Florian Rein (FWG), heuer selbst Großveranstalter mit „The Heimatdamisch“ in der Marktstraße, befürwortete die Idee eines Kulturetats. „Kunst und Kultur kosten immer Geld.“ Er erinnerte daran, dass Städte wie Wolfratshausen eine eigene Kulturmanagerin haben, der ein Budget von mehreren 100 000 Euro pro Jahr zur Verfügung stehe. „Und damit“, merkte Kämmerer Hermann Forster an, „machen die eine Kulturwoche, und das war’s dann auch.“ Er rief den Räten in Erinnerung, dass auch die Stadt Tölz viel Geld in die Kultur stecke.
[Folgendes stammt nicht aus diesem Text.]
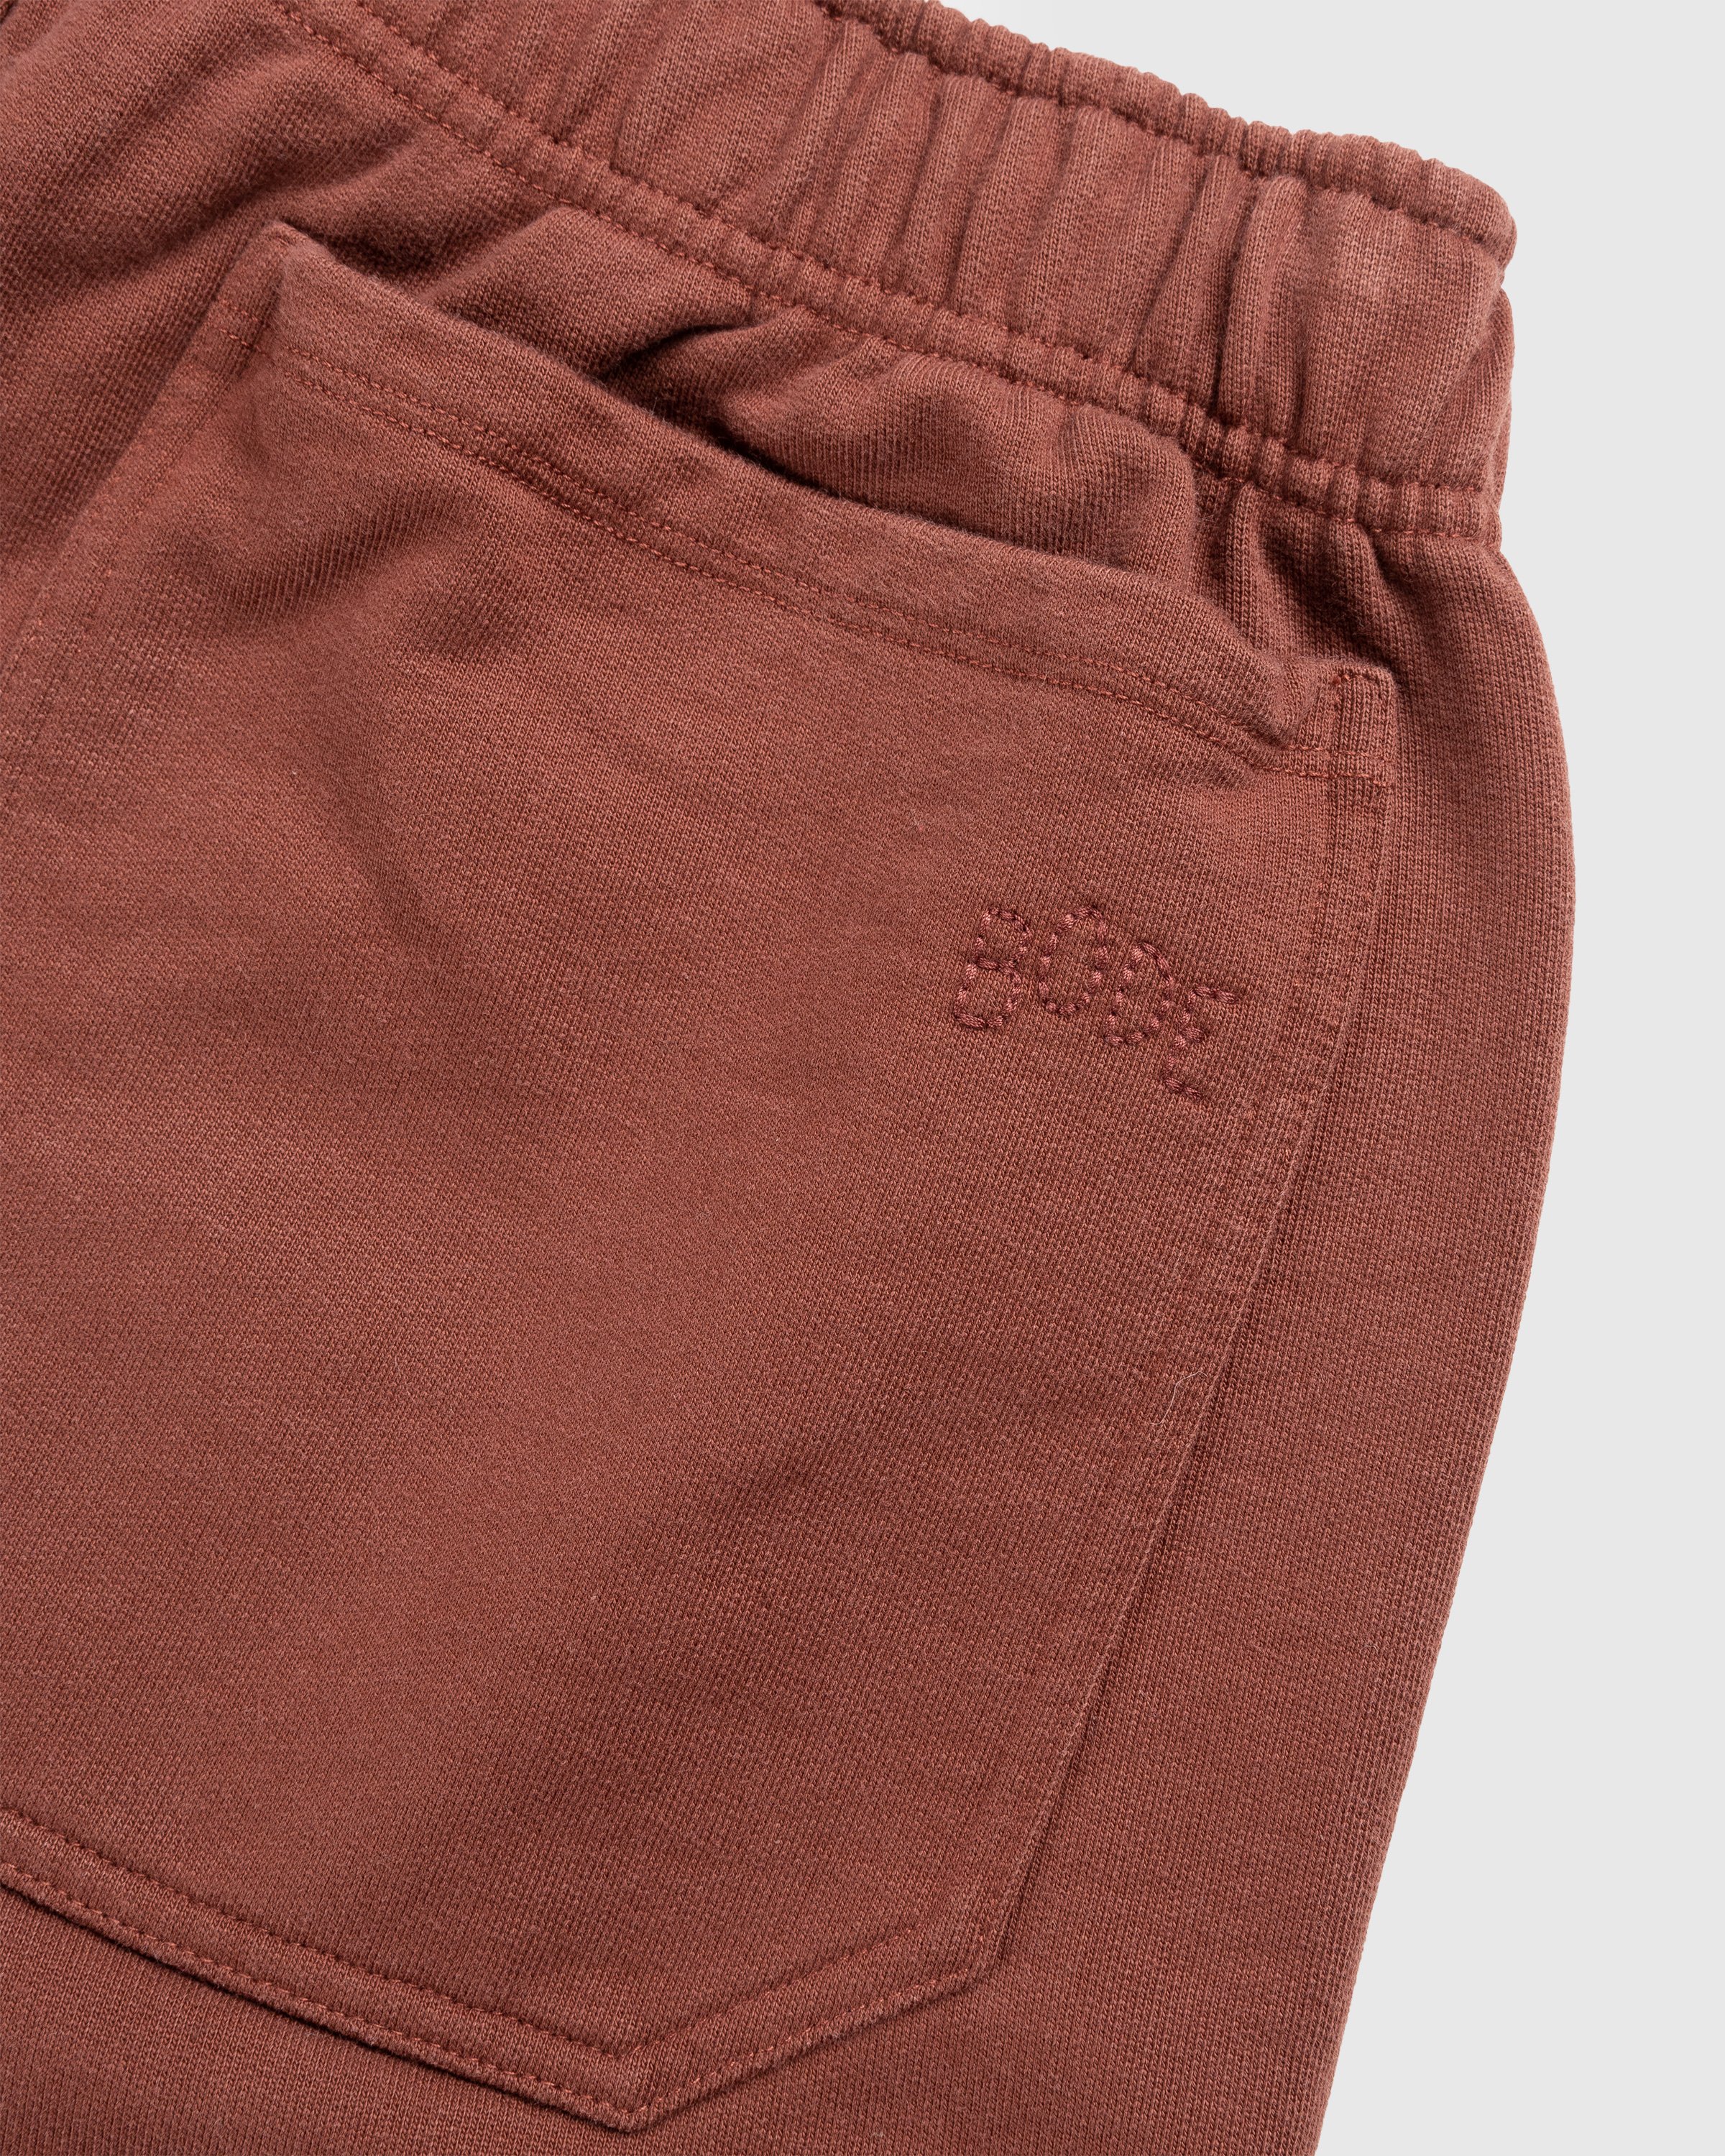 Bode - Sweatpant - Clothing - Brown - Image 6
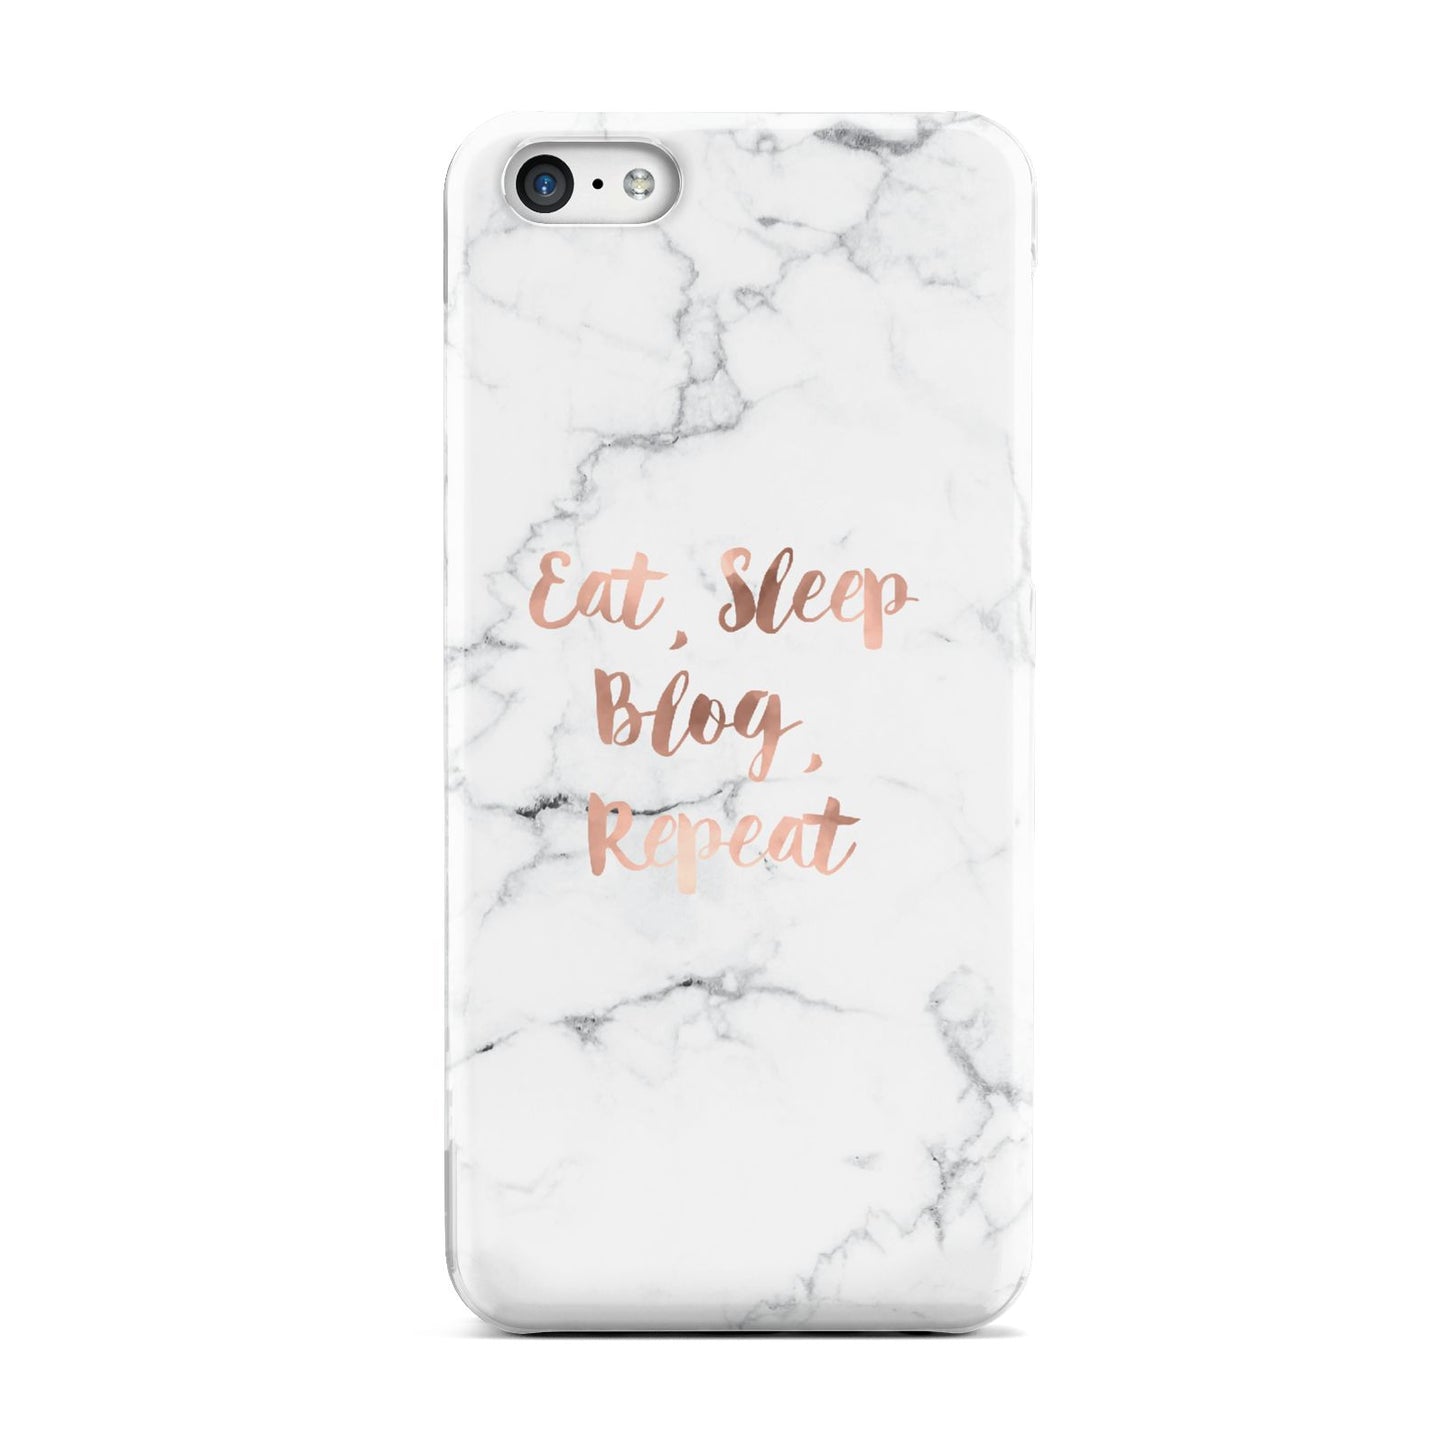 Eat Sleep Blog Repeat Marble Effect Apple iPhone 5c Case

Etwa bei der Förderung der übers Jahr laufenden Musikveranstaltungsreihe „Stadt mit der besonderen Note“ im sechsstelligen Euro-Bereich. Forster erkannte ein Darstellungsproblem. „Wir müssen uns da als Stadt besser verkaufen“, hatte auch Streicher vorab gesagt.

Der Kämmerer stellte auch klar, dass es keinen „Selbstbedienungsladen“ geben dürfe, sondern „wir mit einem Kulturetat nur Finanzmittel im Haushalt binden“. Und: „Es geht nur um Großveranstaltungen.“

Michael Lindmair (FWG) dachte einen Schritt weiter. Ein Kulturetat sei wichtig für die Stadt und solle ebenso wie die Märkte künftig in einem aufgewerteten Kur- und Tourismus-Ausschuss behandelt werden. Kurdirektorin Brita Hohenreiter merkte an, dass sich die Stadt nicht nur eine eigene Kulturmanagerin, sondern eine eigene Veranstaltungsabteilung am Max-Höfler-Platz leiste. „Das wird oft vergessen.“

Der sehr detaillierte Beschlussvorschlag mit vier Punkten wurde am Ende auf einen einzigen Grundsatzbeschlusses reduziert. Im Haushalt 2018 wird es nun einen Posten in Höhe von 100.000 Euro für Kultur geben. Private Großveranstalter können Anträge auf Zuschüsse oder Ausfallbürgschaften stellen.